Customers have the rights to submit their requests to the Company. In some case the Company may reject the exercise of customers’ rights due to the reasons stated below. Customers are entitled to file a complaint to the Personal Data Protection Committee Office in the event that the customers do not agree with the explanations for rejection by the Company. The aforementioned requests submitted by the customers for the exercise of rights must be done in writing or by means as specified by the Company. In this regard, the Company shall, with its best effort, proceed or inform the customers within 30 days or no longer than the duration prescribed by laws. The Company shall comply with the laws pertaining to customers’ rights as the data subject of personal data.
In the case where customers request the Company to delete, destroy, eliminate personal data processing, temporarily suspend, anonymize, or withdraw their consent, those may constitute the limitation for the Company to process transactions or provide services to the customers. In addition, the Company reserves the right to charge any relevant and necessary expenses in processing personal data as per the customers’ requests.
8. Retention period of personal data
According to the principle of necessity in retaining personal data, the Company shall retain customers’ personal data for the period necessary to fulfil the objectives of data collection as prescribed by laws as follows:
(1) Customers’ personal data shall be retained throughout the period that the customers are the members of financial products and no more than 10 years after the cessation date of the membership.
(2) In the case that the membership of financial products is not approved, the Company shall retain personal data or any data of the customers who did not receive the approvals for no more than 1 year from the date of rejection.
(3) After the retention period, the Company shall delete of anonymize the personal data.

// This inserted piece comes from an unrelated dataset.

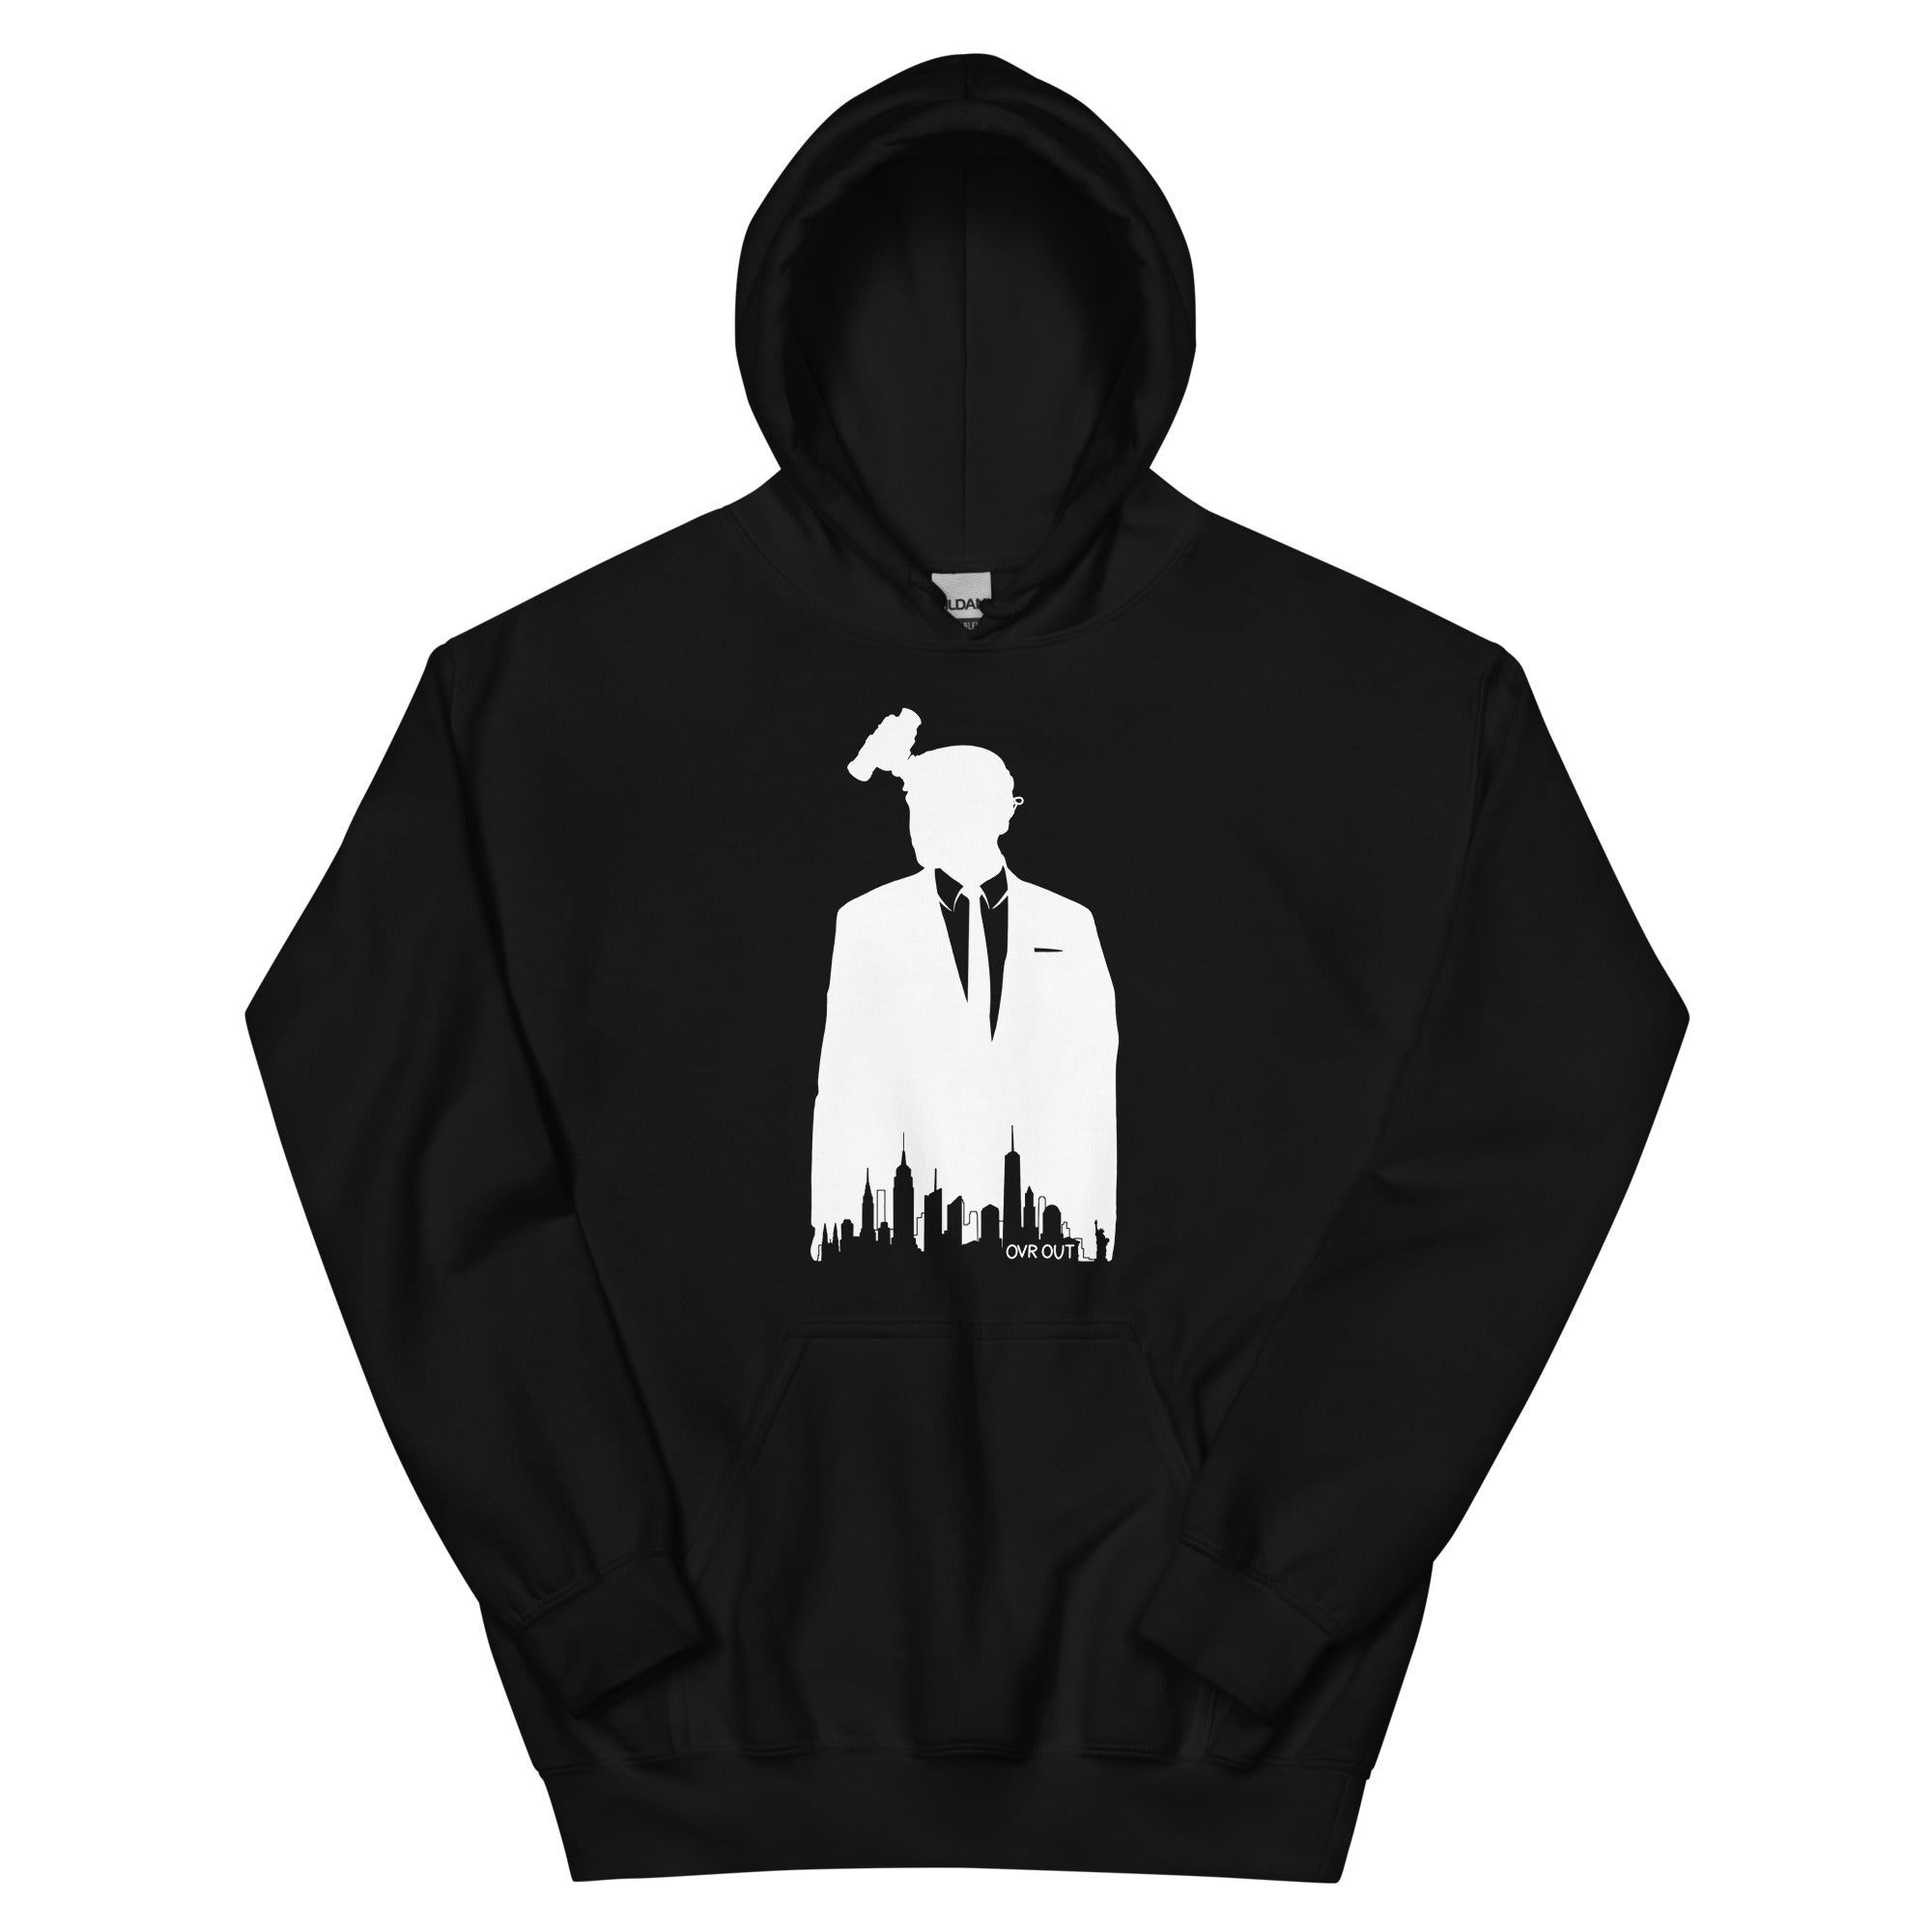 The New You Hoodie - OVR & OUT

9. Methods that the Company uses to protect customers’ personal data
The Company provides personal data protection as per “Standard for Information Security Management Systems (ISO/IEC 27001:2013)” and “Standard for Privacy Information Management (ISO/IEC 27701:2019)”.
10. Amendment of personal data protection policy
The Company may review this Customers’ Personal Data Protection Notice. If there is any change, the Company shall notify on its website https://www.ktc.co.th/pdpaand via channels that will be notified as appropriate
11. How to contact the Company
In the case where customers wish to exercise the rights, or withdraw the consents for personal data processing, or have inquiries on the Company’s data processing, customers can contact the Company at:
Member Service Center: Tel 02 123 5000
Address: Krungthai Card Public Company Limited, No. 591, UBC II Building, 14 Floor, Sukhumvit 33 Road, North Klongton, Wattana, Bangkok 10110 Thailand
E-mail Address of Personal Data Protection Officer: DataProtectionOfficer@ktc.co.th
In the case where customers consider that the personal data processing violates Personal Data Protection Act, B.E. 2562, the customers have the right to file a complaint to the Personal Data Protection Committee Office.
This Notice shall be effective from the date of 10th November 2022 onwards.